Journal of the American Chemical Society, Vol.121, No.27, 6437-6443, 1999
The effect of alkane structure on rates of photoinduced C-H bond activation by Cp*Rh(CO)(2) in liquid rare gas media: An infrared flash kinetics study
C-H bond activation via photoinduced reaction of Cp*Rh(CO)(2) (1) with alkanes (RH) in liquid Kr and liquid Xe solution has been studied by time-resolved infrared spectroscopy. Irradiation leads to the formation of a transient species absorbing at 1947 cm(-1) in liquid Kr. Reaction rates for the conversion of this species to the final C-H activation product Cp*(CO)Rh(R)(H) (4) have been measured in the -80 to -110 degrees C temperature range for a series of linear and cyclic alkanes. No reaction was observed with methane; for all other hydrocarbons, the dependence of the reaction rate on the alkane concentration follows saturation kinetics. Analysis of the kinetic data was carried out using the assumption, established in earlier work, that the observed transient is a mixture of two solvates, a krypton complex Cp*Rh(CO). Kr (2) and an alkane complex Cp*Rh(CO).
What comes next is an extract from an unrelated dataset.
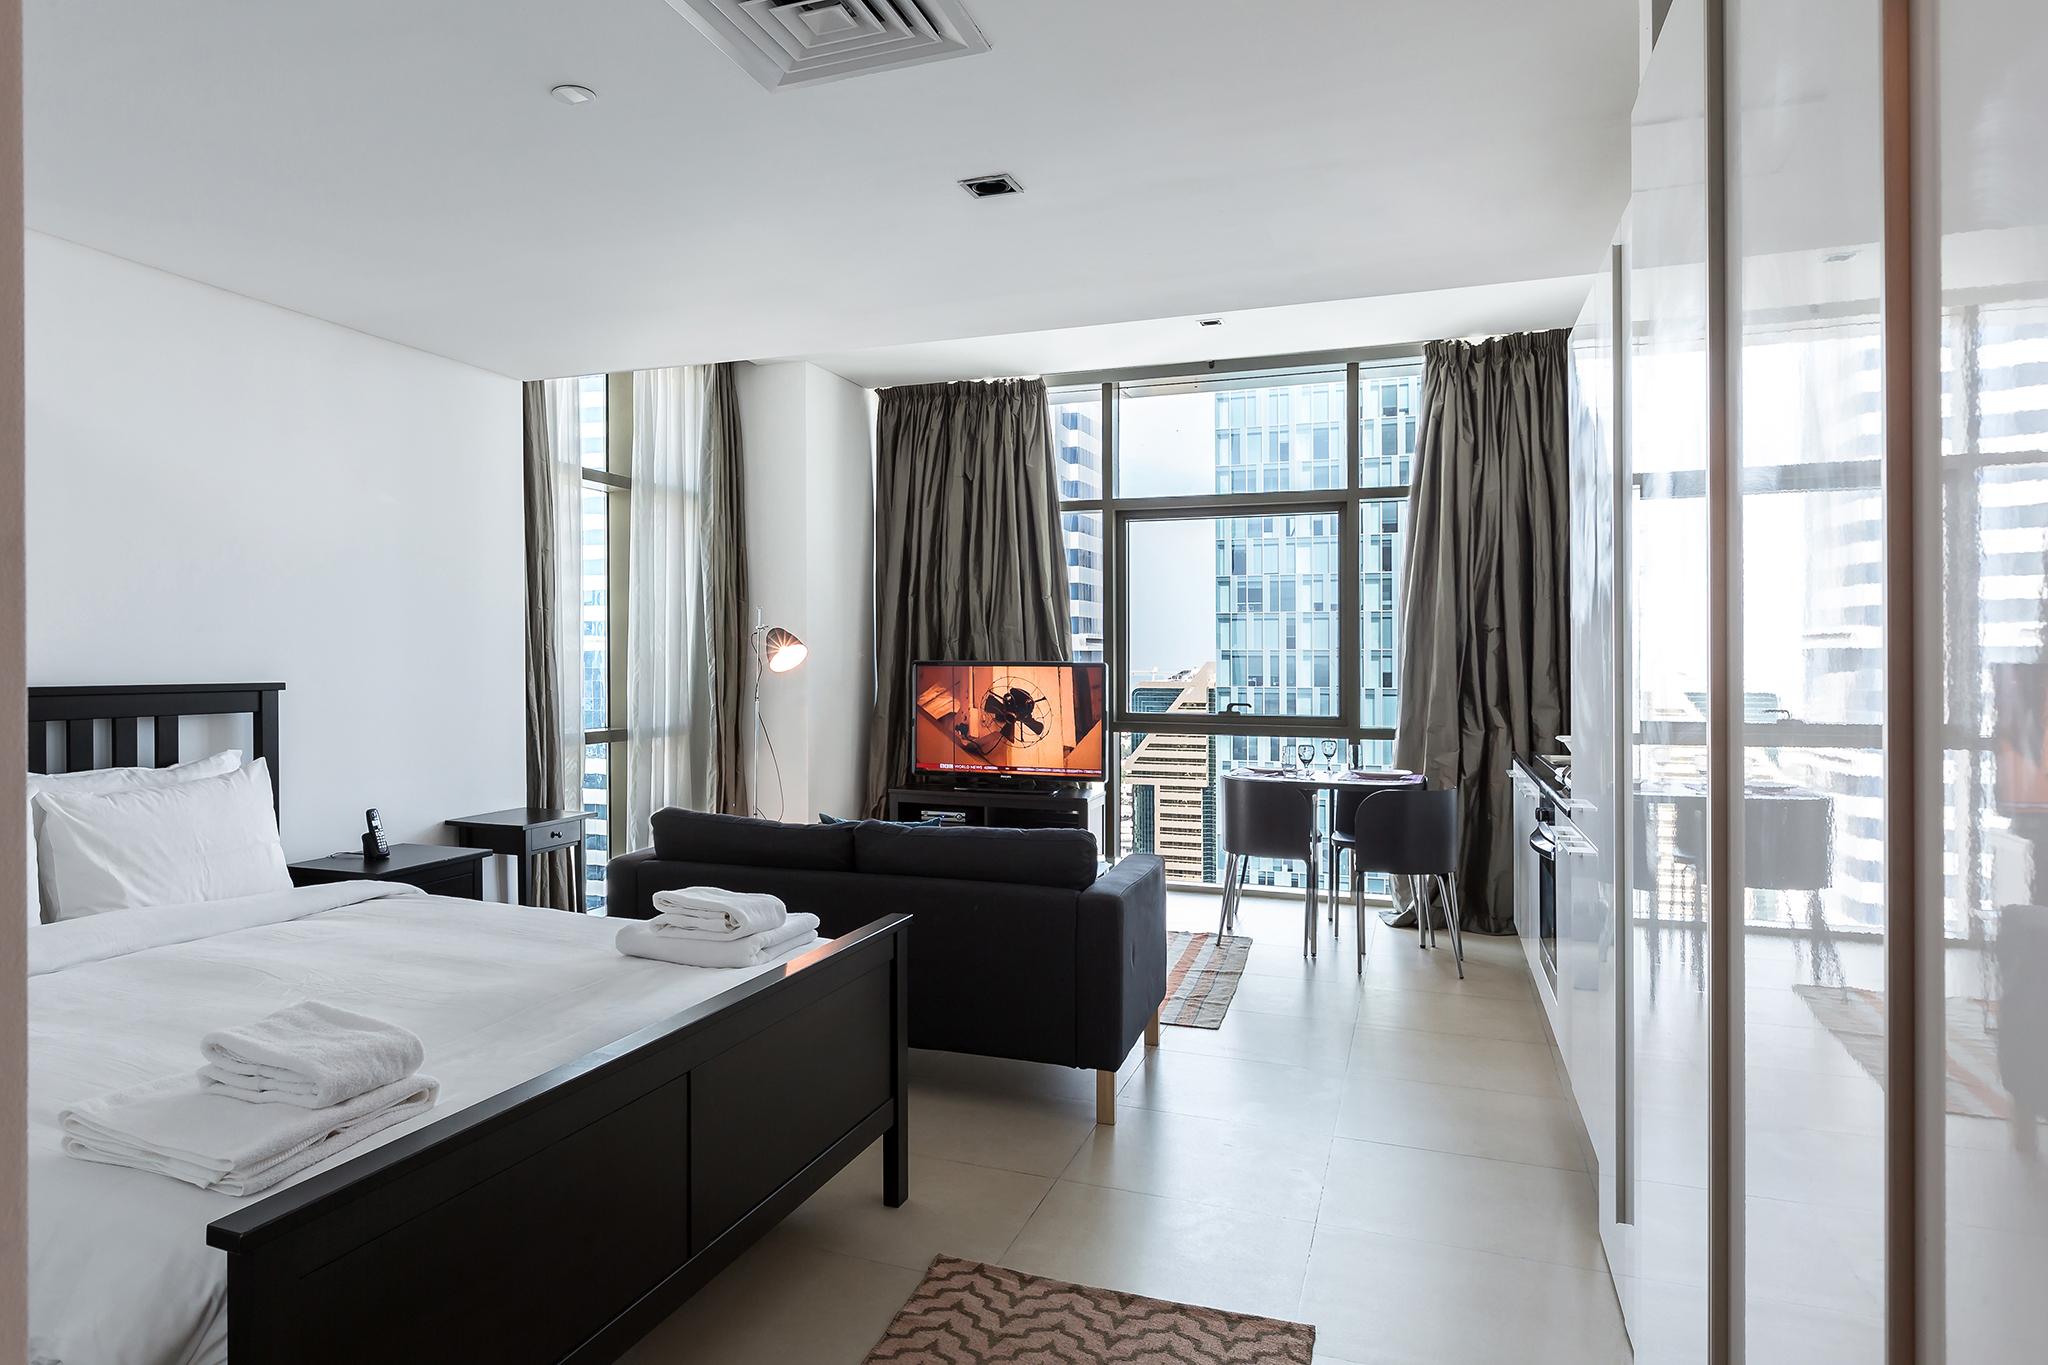 The studio is a corner unit of one of Dubai's iconic sky scrapers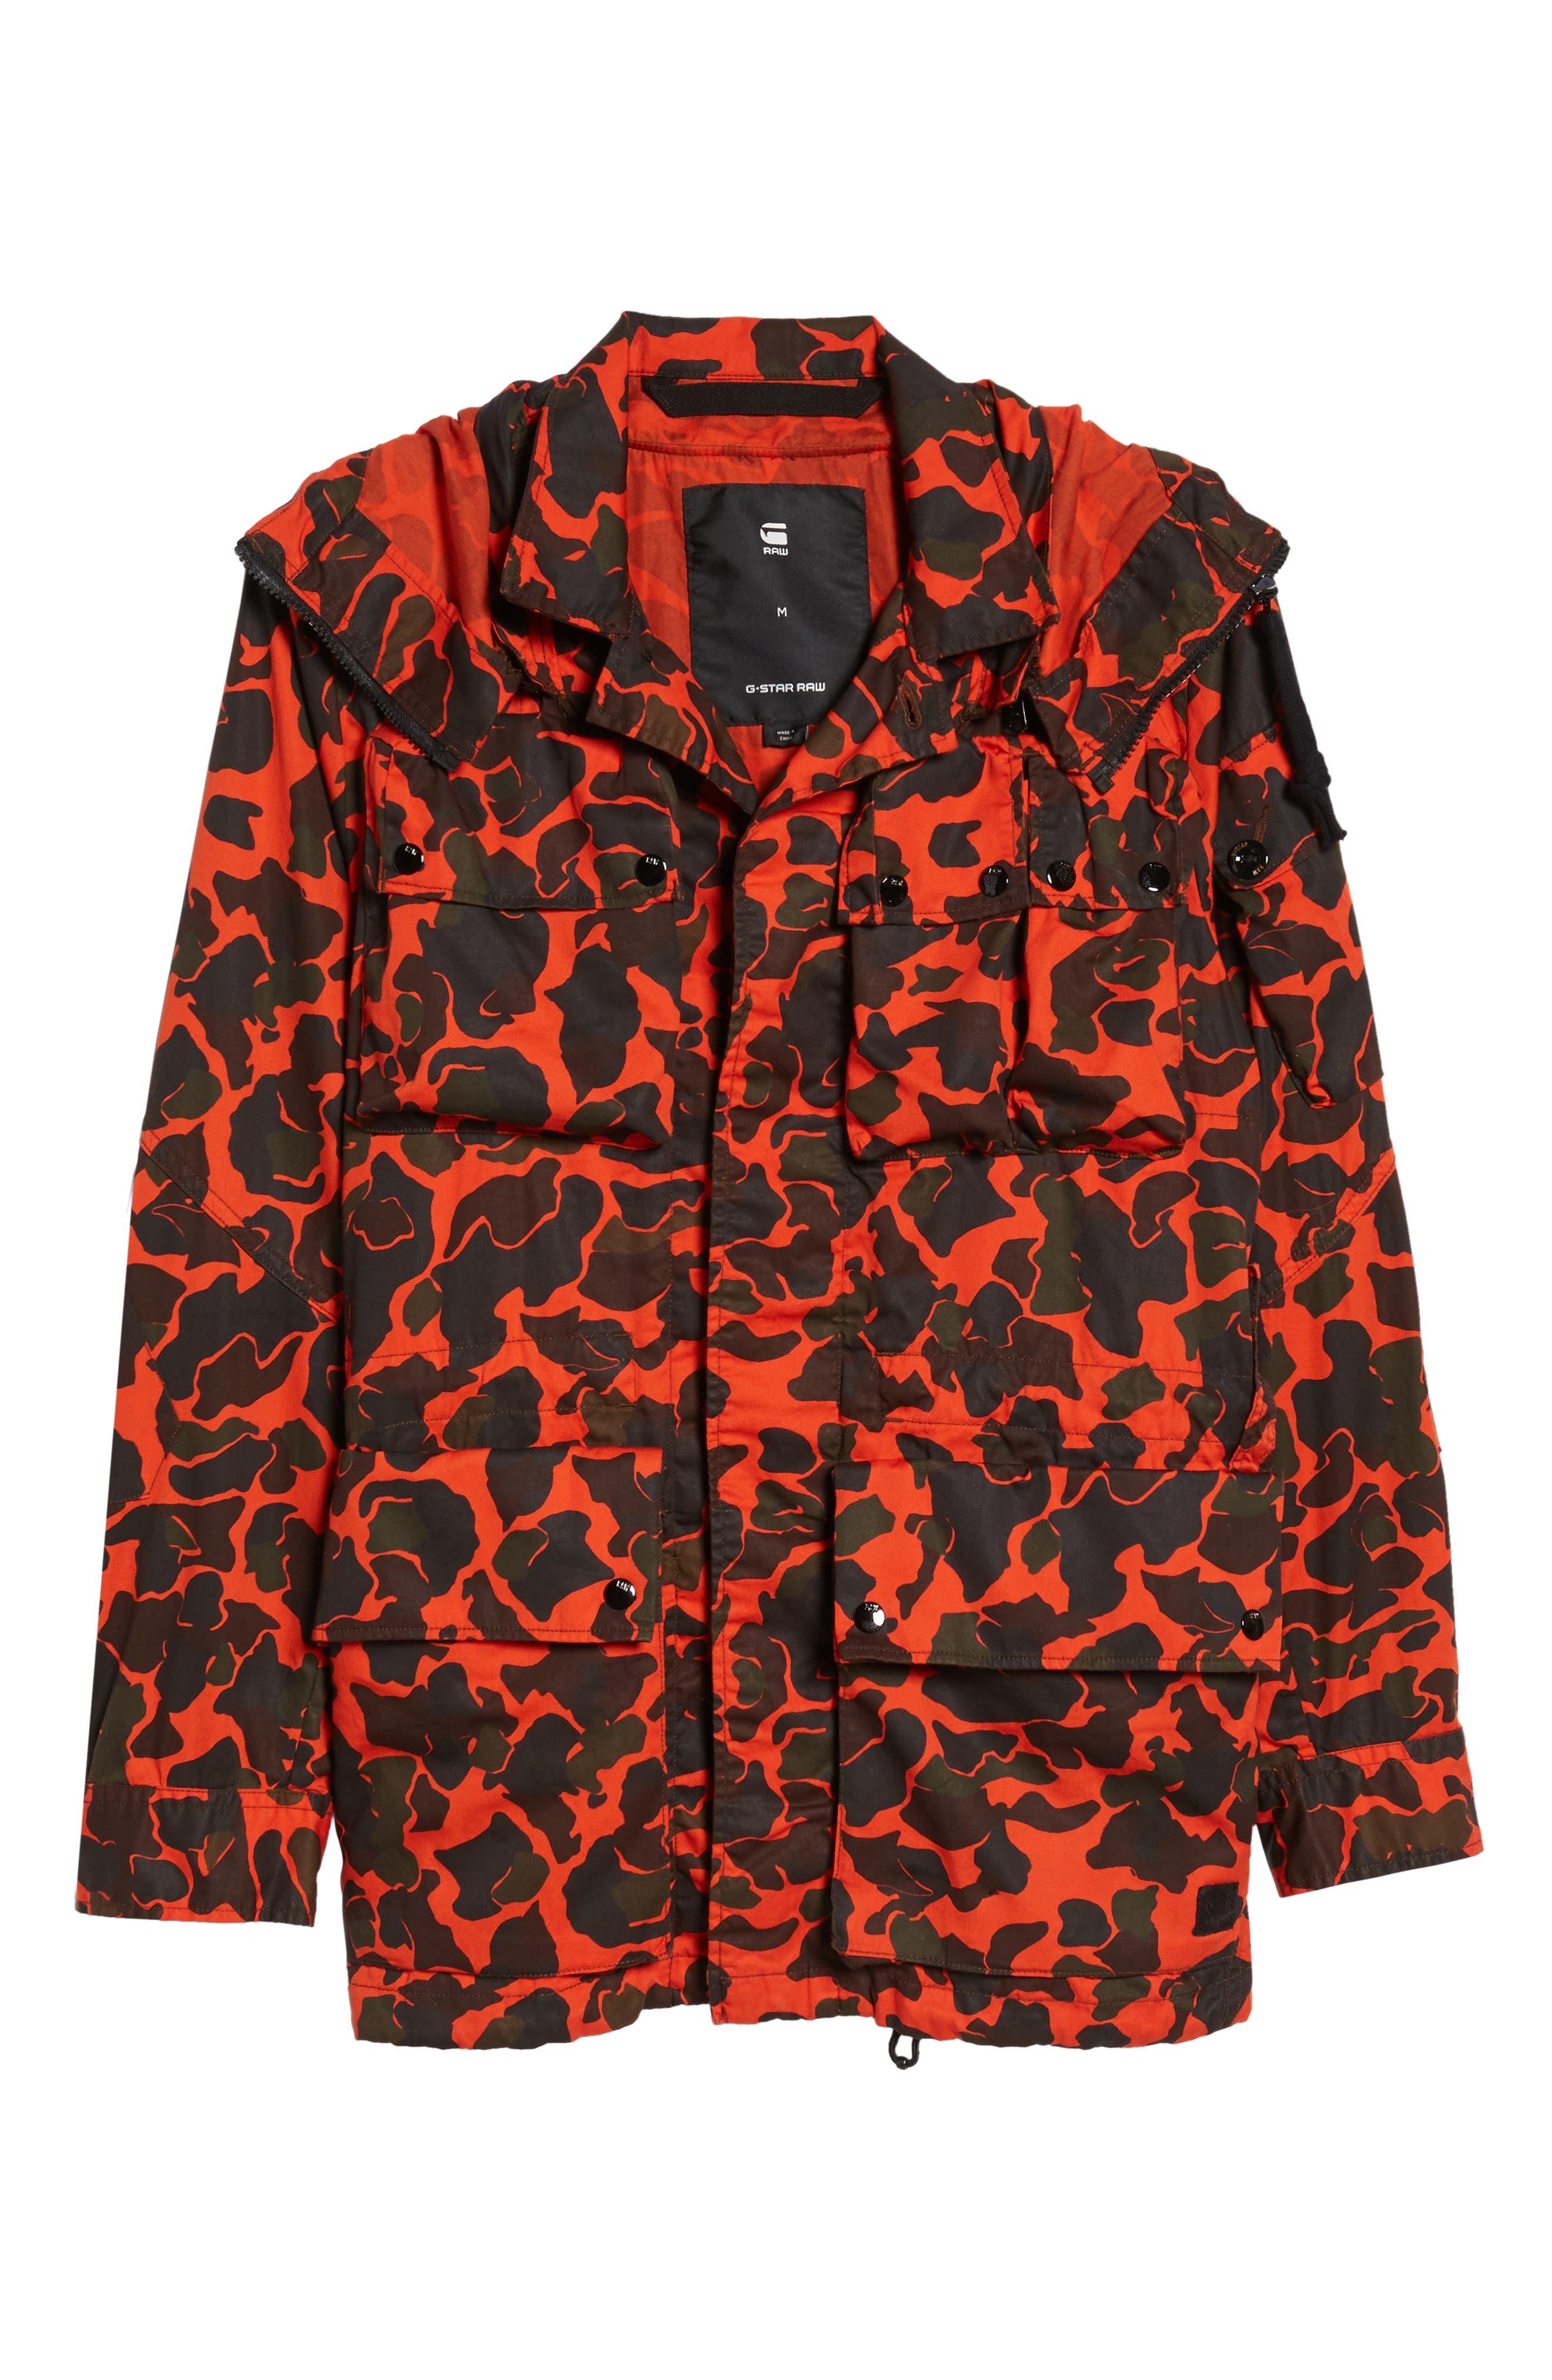 Ospak Submarine Hooded Jacket,                             Alternate thumbnail 5, color,                             800

RH (3), both having essentially the same CO stretching frequency in the IR. For each alkane, the rate law supports a deconvolution of the overall reaction into an alkane binding step and an oxidative addition step. For the binding step, the parameter K-eq and its associated free energy characterize a preequilibrium between 2 and 3. Within each series (linear and cyclic), as alkane size increases, the measured free energy of binding of the alkane to the coordinatively unsaturated Rh center in the Cp*Rh(CO) fragment becomes increasingly thermodynamically favorable, ranging from -0.9 (ethane) to -2.3 kcal/mol (octane) and from -2.4 (cyclopentane) to -3.5 kcal/mol (cyclooctane) at -90 degrees C relative to Kr. The second step, oxidative addition of the C-H bond across the Rh center to convert 3 to 4, proceeds with an absolute rate characterized by the parameter k(2). This rate exhibits very little variance in the series of linear alkanes. Propane, hexane, and octane each react with a rate constant of roughly (6-7) x 10(5) s(-1) at -90 degrees C, while ethane reacts about a factor of 3 more rapidly. More variance is observed in the cyclic series. Oxidative addition of cyclopentane proceeds with a rate constant of 6.8 x 10(5) s(-1) at -90 degrees C, while the oxidative addition rates of cycloheptane and cyclooctane are slower by an order of magnitude. Possible explanations are discussed for this unexpected alkane structure dependence in both steps of the reaction.